The Chair also asked about turnover and new tenants brought into the property. Audette said they have been unusually busy, bringing in about 16 new tenants since February – not much below the “normal” average of about 20 new tenants per year.
Much of this is driven by Common Housing Application for Massachusetts Public Housing (CHAMP), Audette said. A challenge for the Authority is that individuals often file applications and advocates or other housing authorities may also do so, making for more paper work and research to make sure individuals are in fact eligible. Audette said it used to take about one day per week to process applications but now it is nearly four days. “We really need another person just to do this work but I don’t think the state will support that,” she said.

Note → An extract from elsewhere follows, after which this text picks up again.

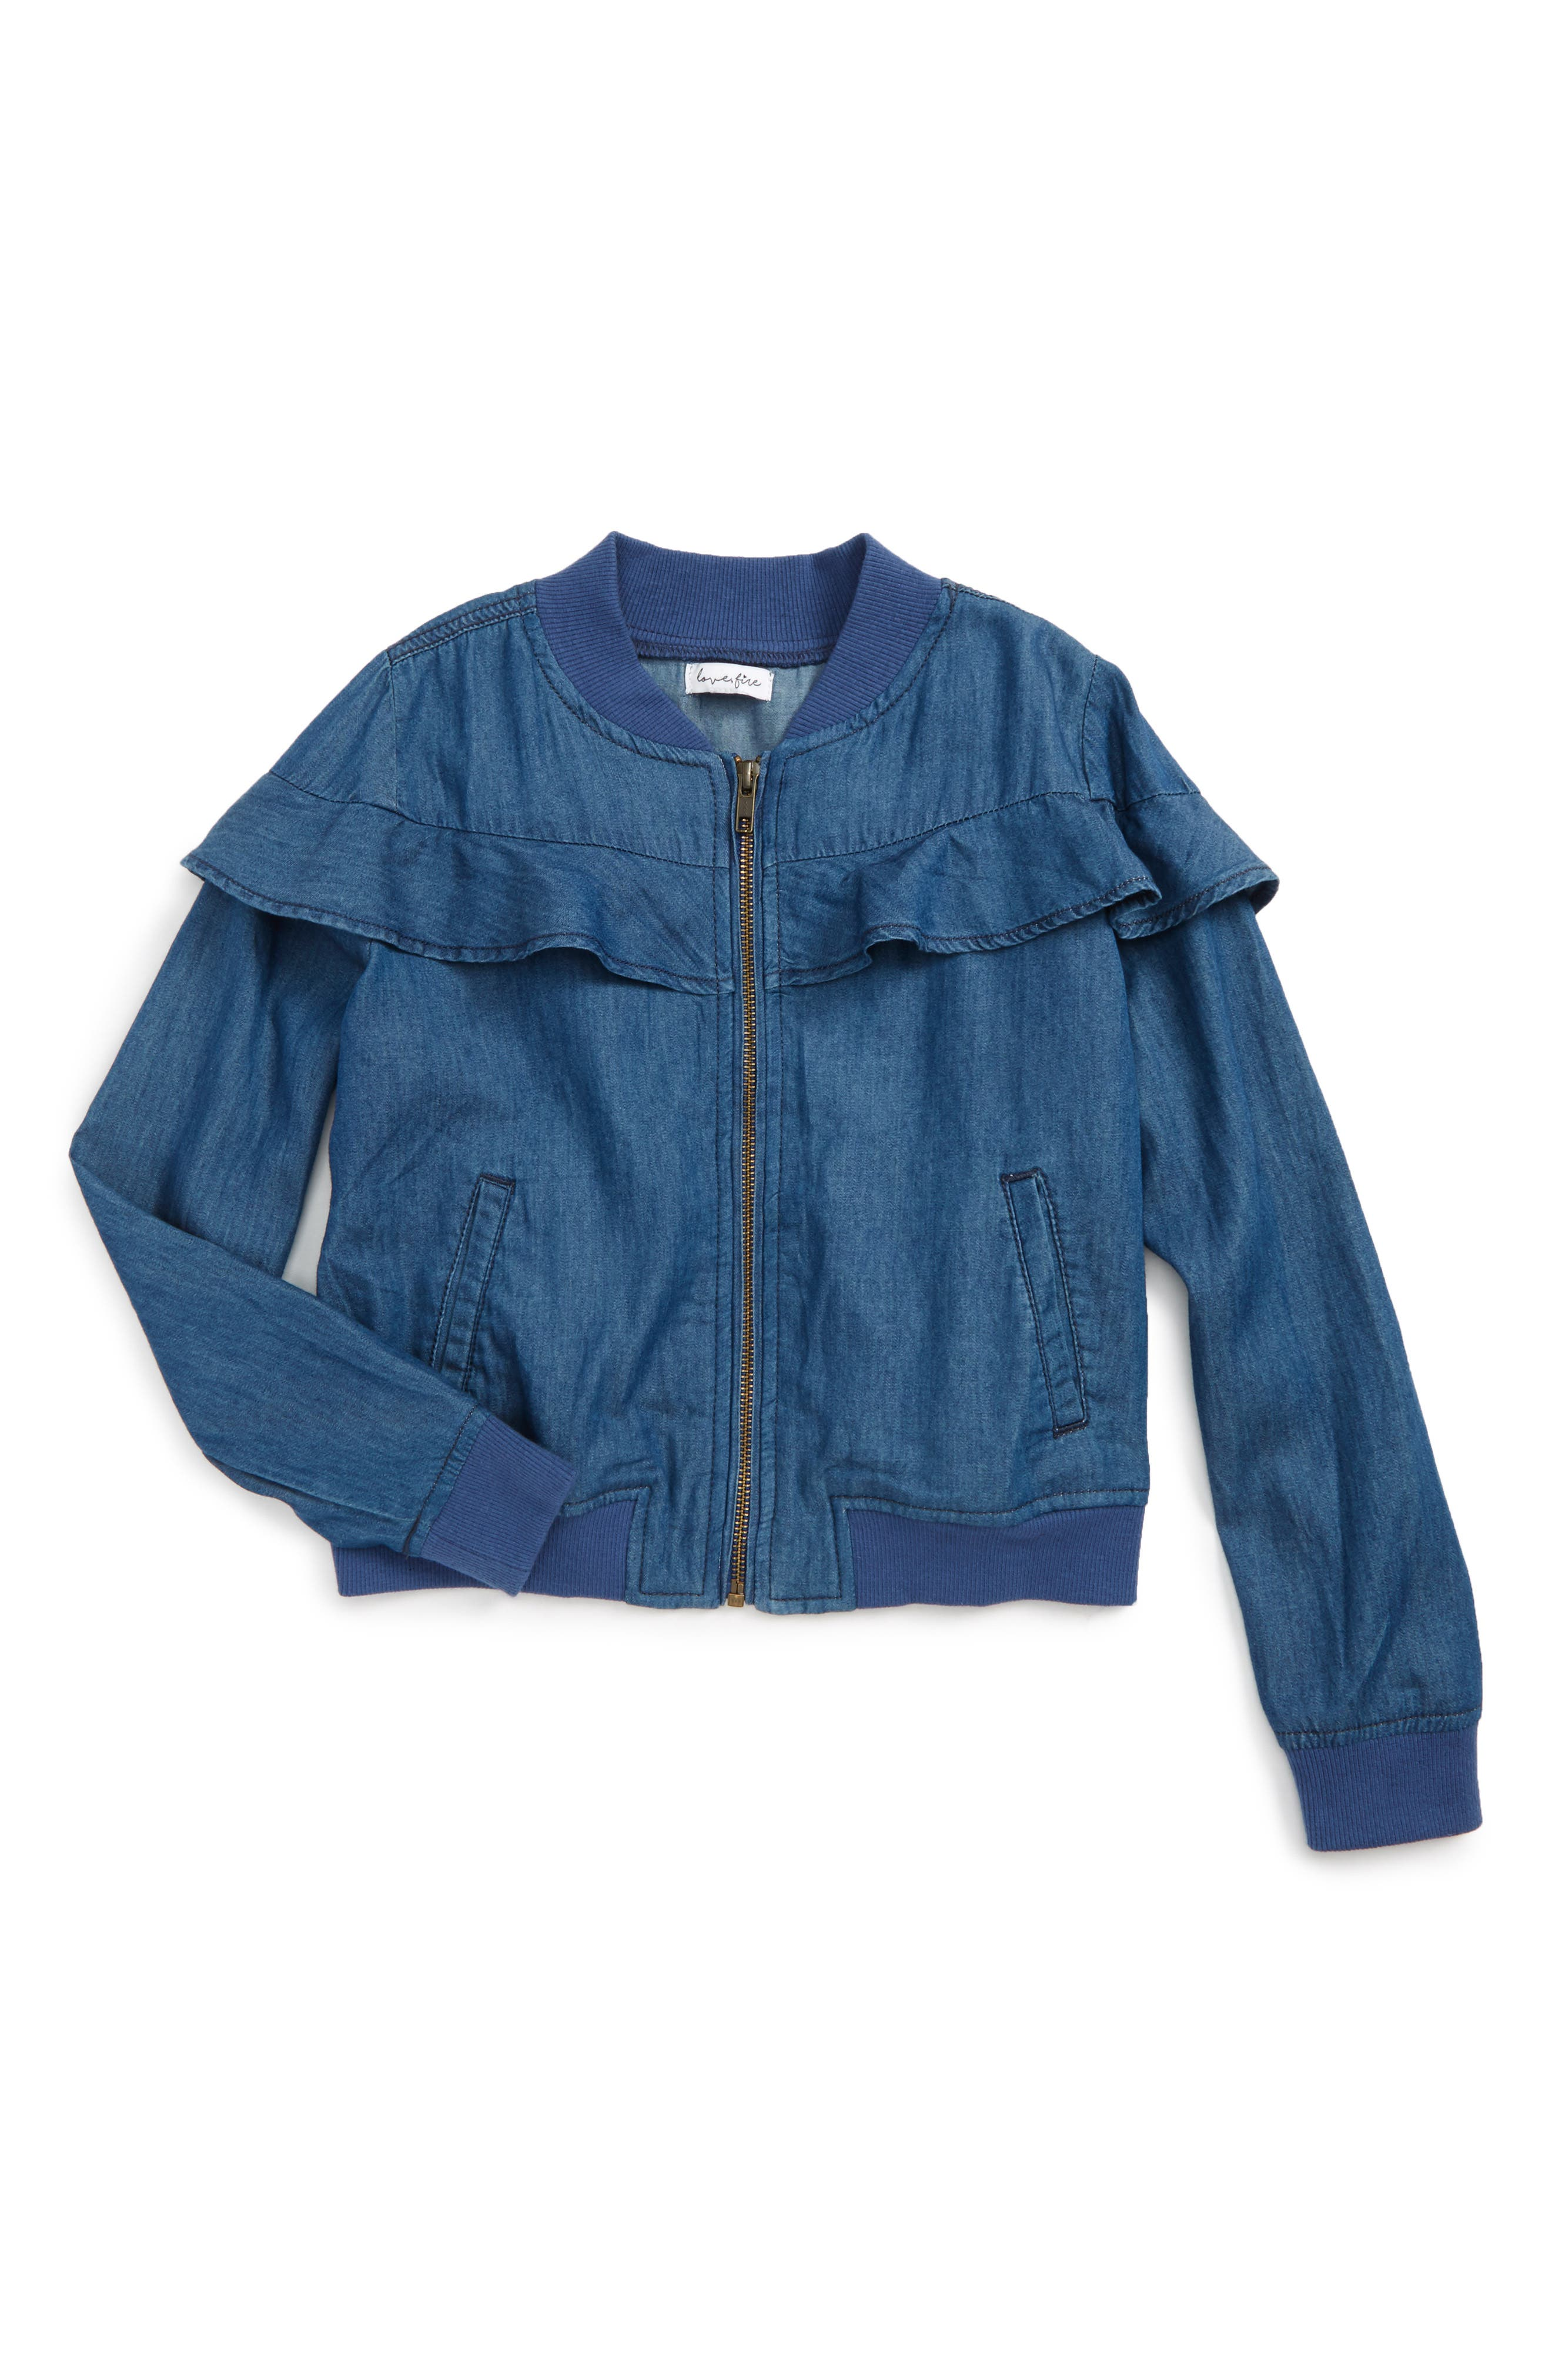 Alternate Image 1 Selected - Love, Fire Ruffle Denim Jacket (Big Girls)
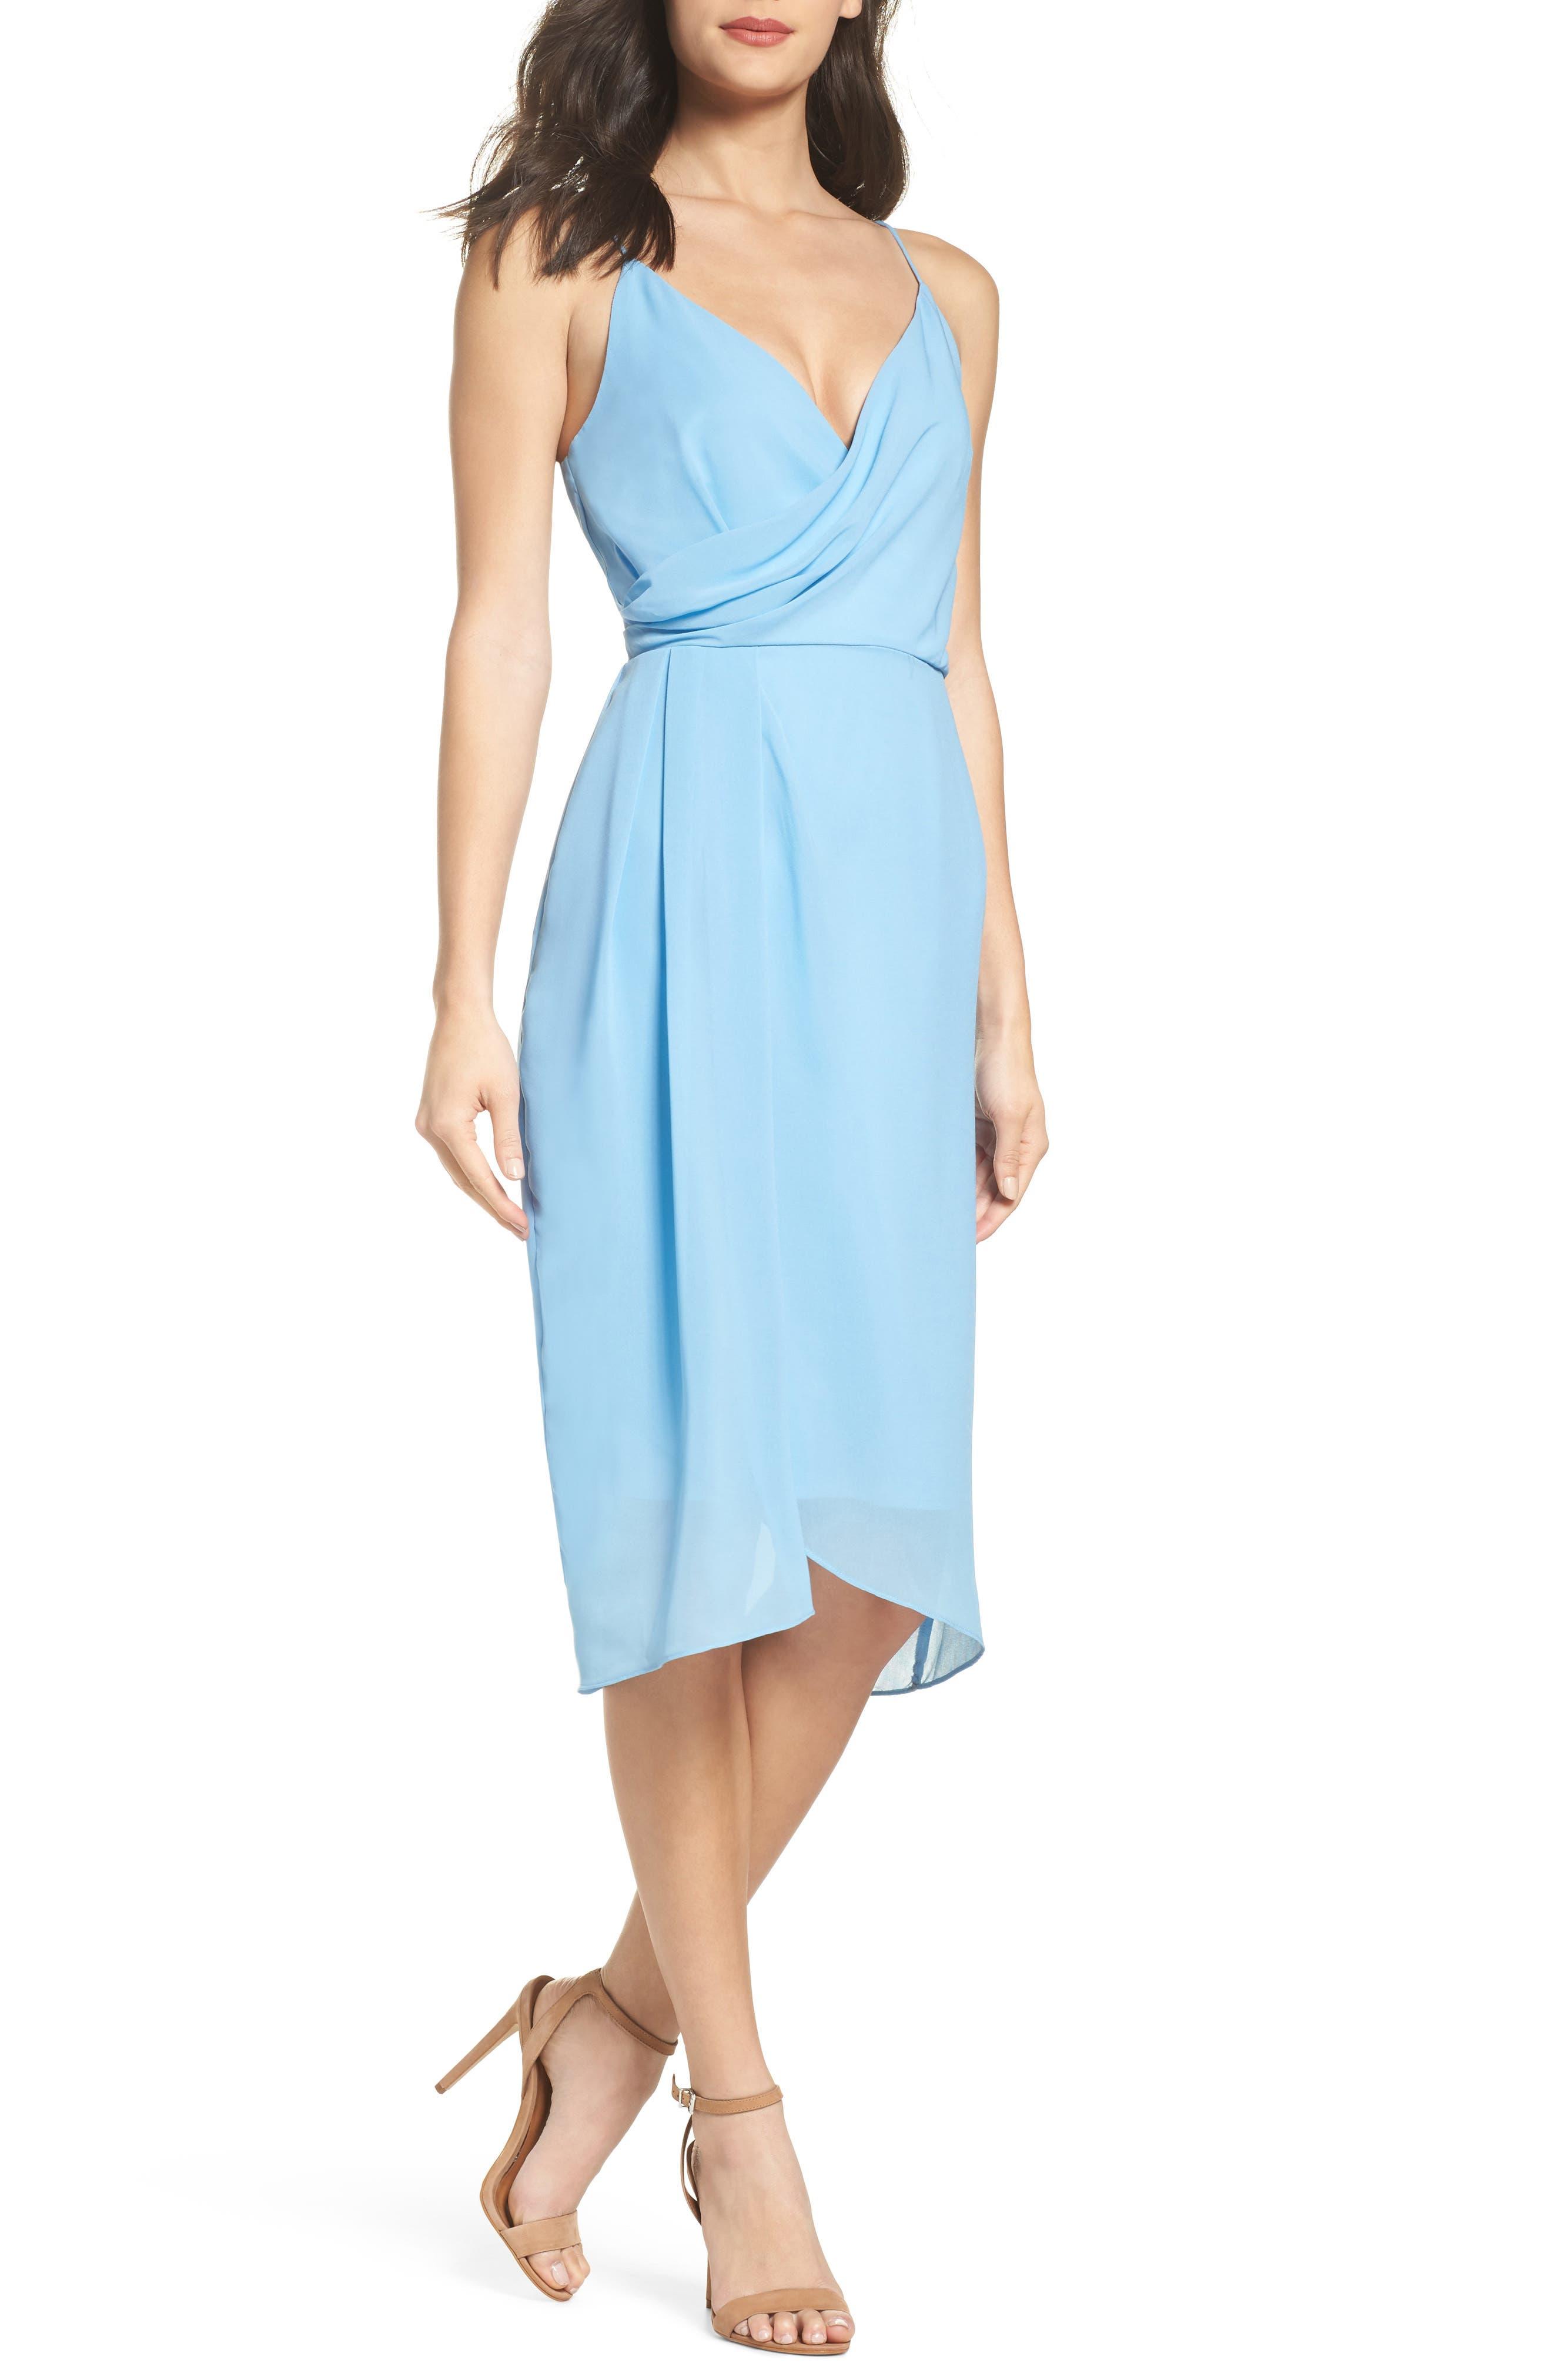 Ember Glow Drape Dress,                             Main thumbnail 1, color,                             Dusk Blue

A procedural question also came up regarding how much money the authority should hold as a reserve. Board member Chris Feeley made a motion to set the figure at $75,000 with the understanding that the figure can be changed at a later date.
Audette also reported that several applications have been received for a tenant representative on the board. Those have been submitted to Town Administrator Jamie Hellen and the selection will be made by Hellen and the Town Council.
Audette said that the land encroachment by a neighbor has been investigated and the town as sent a letter spelling out the consequences if the violation persists. “The neighbor has agreed to address the problem,” Audette said.
On a negative note, Audette told the Board that the SHERA program has come to an end. According to a state website, The SHERA (Subsidized Housing Emergency Rental Assistance) program is funded through the Federal Emergency Rental Assistance Program, overseen by the United States Treasury, and funded by the Consolidated Appropriations Act of 2021. SHERA provides an expedited path for eligible owners of qualified affordable housing projects to file batch applications for rental arrearage assistance on behalf of eligible tenants. Under the SHERA program, qualified owners of MassHousing, Massachusetts Housing Partnership (MHP) and DHCD- financed properties with income-restricted units, as well as Local/Public Housing Authorities (L/PHAs), will be able to apply for help on behalf of all of their eligible residents with up to 18 months of rental arrears incurred during the eligible SHERA period starting on April 1, 2020. Income eligibility for households is 80% of Area Median Income (AMI) or lower. Owners (or their property managers) will inform residents with rental arrears about this program, and will work with eligible residents to apply for assistance on their behalf.
Audette said only about half of the housing authorities in the state had applied to the program. In the case of Franklin, at a cost of about $1,500, Franklin was able to reclaim more than $60,000 that tenants owed the authority through a variety of funding sources.